The sub-fraction light of axis.Above-mentioned equation is an implicit equation, but after variation appropriate can in the hope of explicit solution, but
Explicit solution can not also be sought in practical operation, directly acquire numerical solution using software for calculation such as Matlab.Curve shown in Fig. 3 is
Relative height differentialCorrespondence curve between contact angle θ, wherein three curves respectively represent drop refractive index n to be measured
For 1.23,1.33 (water), 1.43 the case where.Vignette in Fig. 3 is in the part of 0 ° of 90 ° of < θ < by curve in ordinate side
To amplified figure.Mapping relations it can be seen from curve between the two are not one-to-one.In 0 ° of < θ of contact angle
In the range of 90 ° of <, for each relative height differential measuredThere are two possible contact angle θ values, this requires
The contact angle numerical value measured could finally be determined by also needing to pre-estimate the approximate range of a contact angle in actual measurement.

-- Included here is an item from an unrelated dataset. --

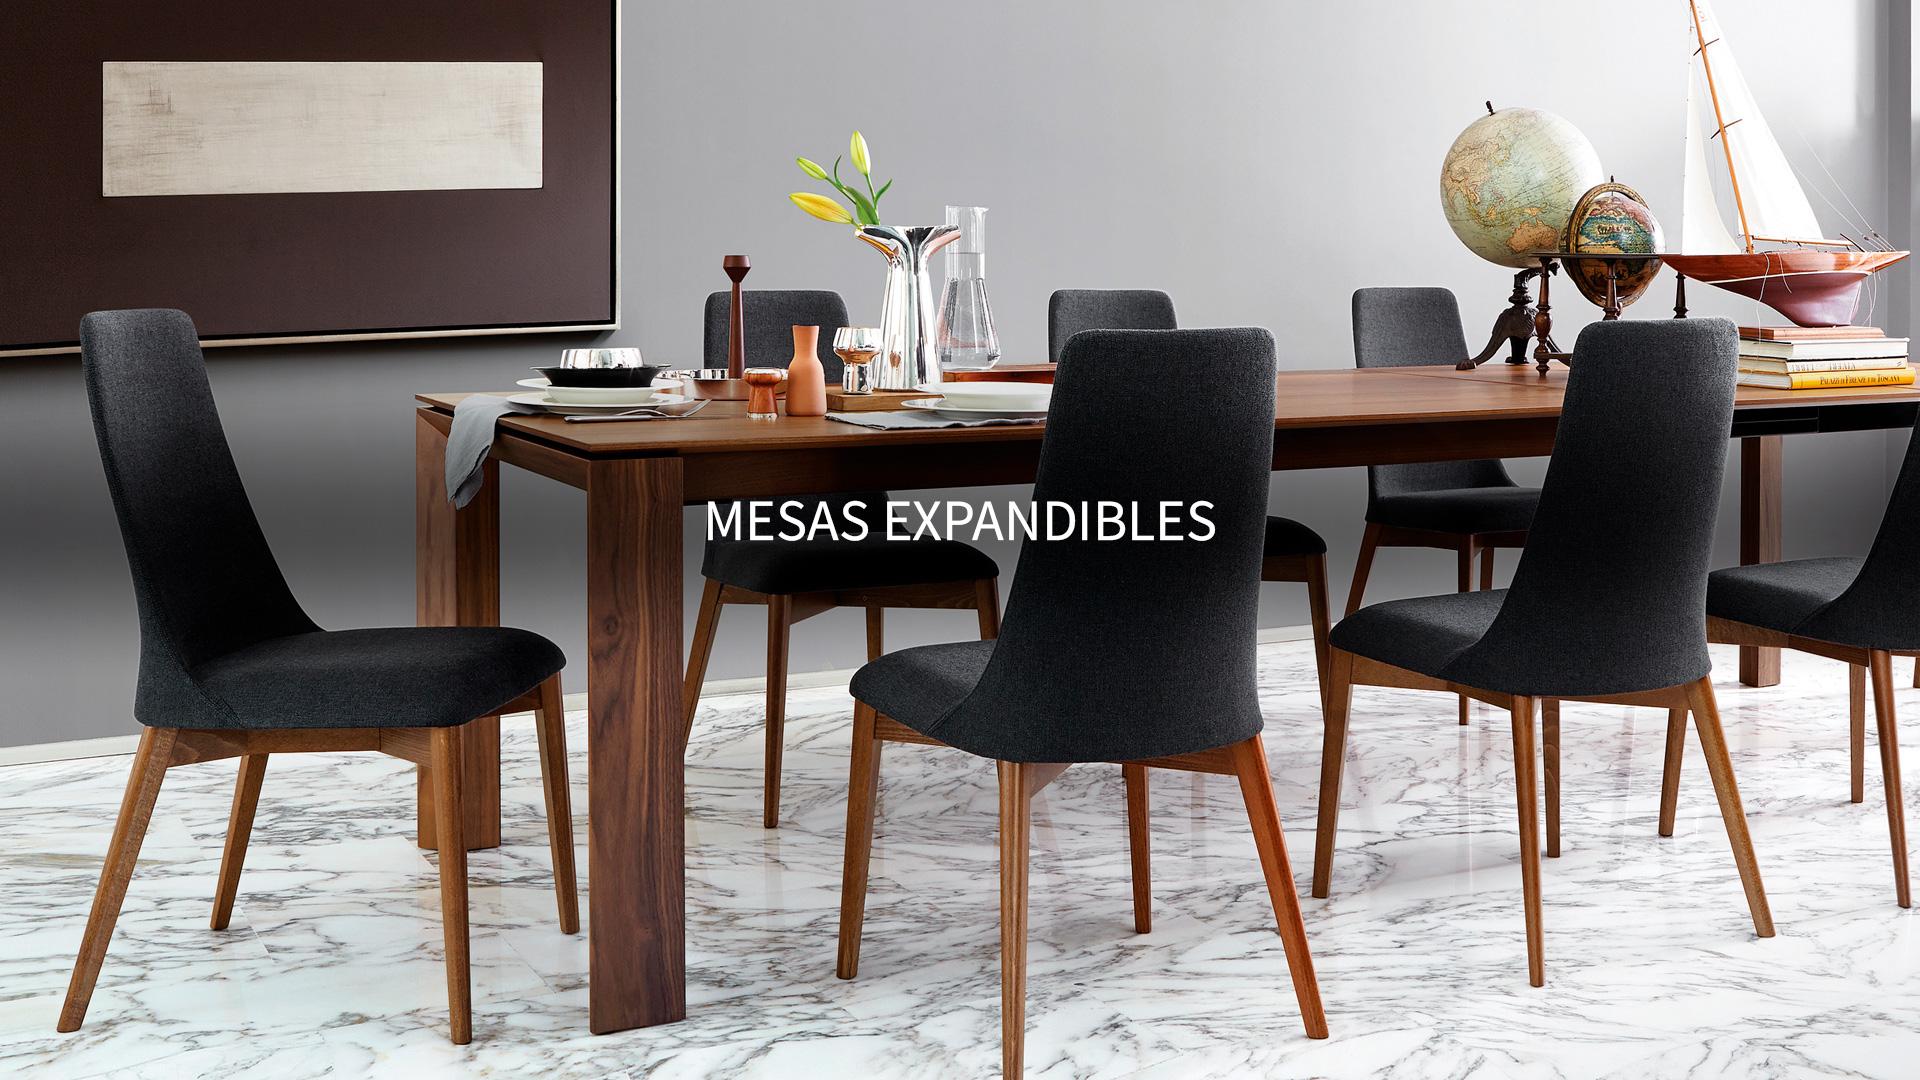 akabani-mesas-expandibles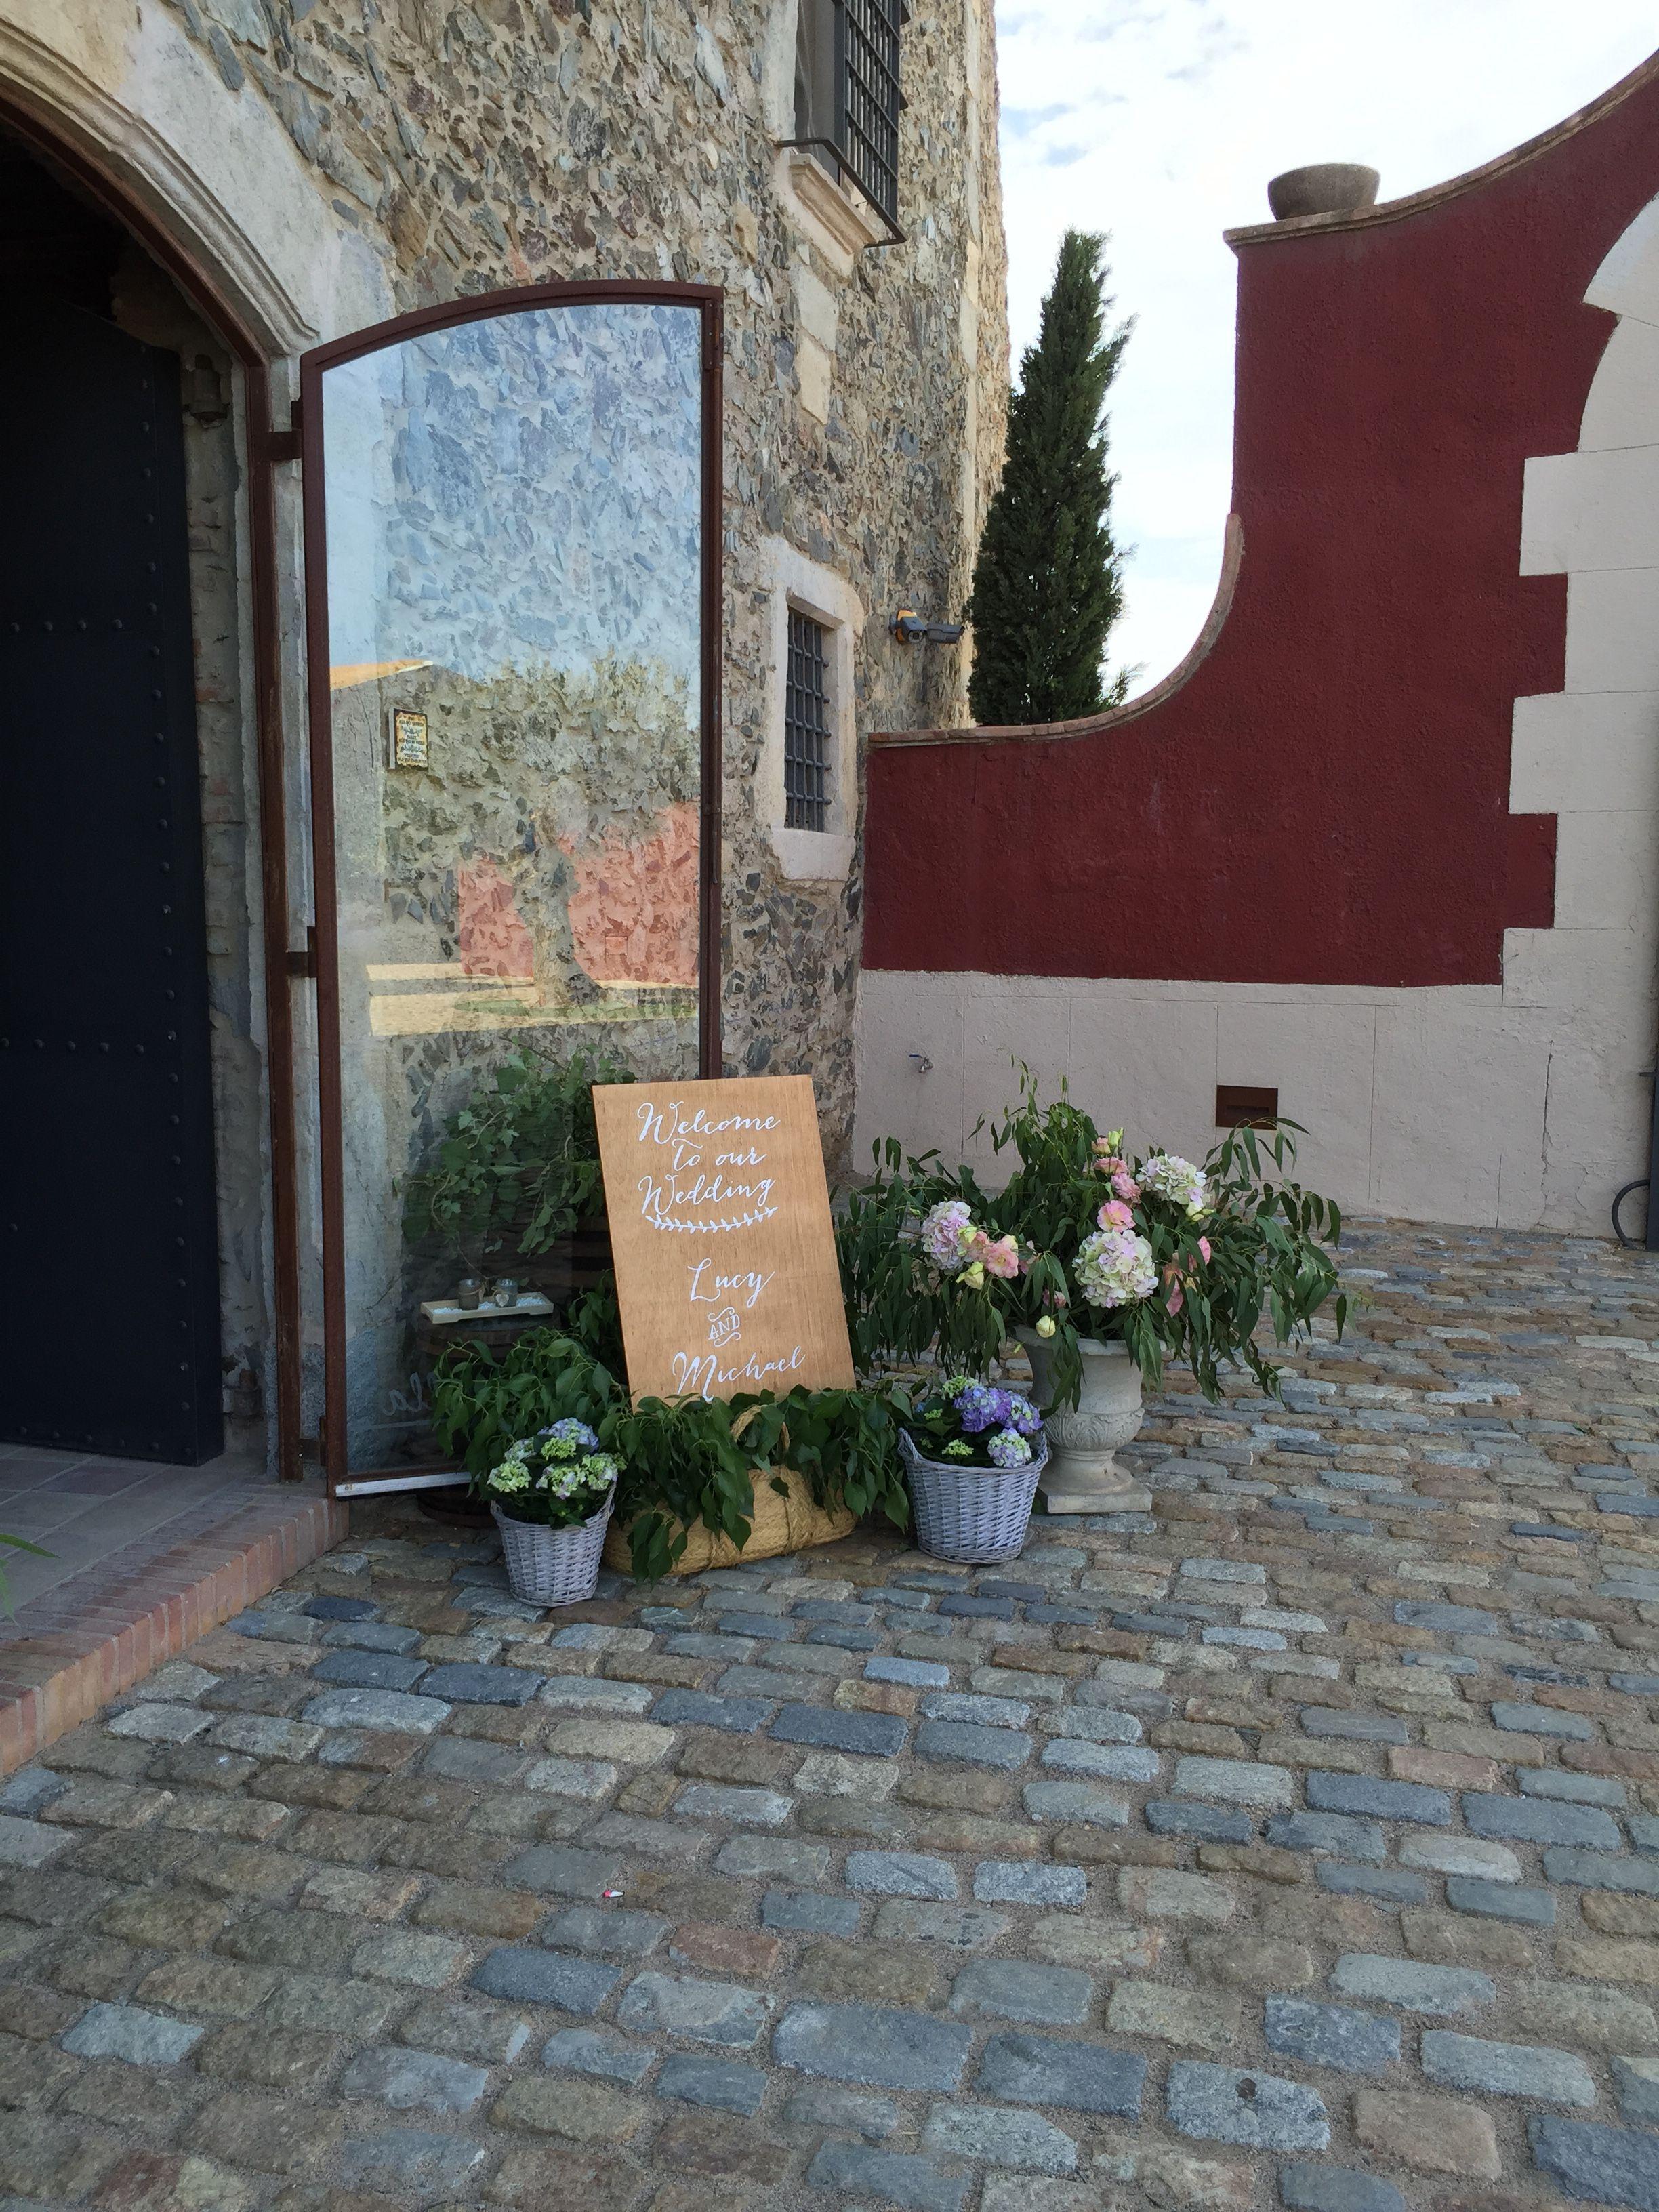 Wedding Location Wwwmastorroellacom - Weddings Mas Torroella - Pinterest -

In the range of 180 ° of 90 °≤θ of contact angle <, the two is one-to-one mapping relations, can be directly opposite by what is measured
Difference in heightObtain corresponding contact angle θ values.The solution have the advantages that it is idiotproof, but due to do not consider spherical imaging
The error of error, solving result may be larger.
It is worth noting that, sufficient by difference in height Δ h, refractive index n, this three information of the vertical view diameter d of drop to be measured 20
To extrapolate contact angle θ.Specific projectional technique be not it is unique, can be according to the model of foundation, required precision, to be measured
The size of drop, possible range of contact angle etc. are varied from.
Preferably, in order to further increase measurement accuracy, the present invention further provides a kind of improved projectional technique, directly
It is calculated according to the law of refraction of light, in this way it is further contemplated that the light (more dissipated) farther out to deviation optical path Center axis
Line, the influence that the spherical surface error so as to correct imaging is brought.Contact angle θ is further obtained by following formula:
Wherein, α1、α2、β1、β2For intermediate parameters;
N.A. it is microscopical numerical aperture.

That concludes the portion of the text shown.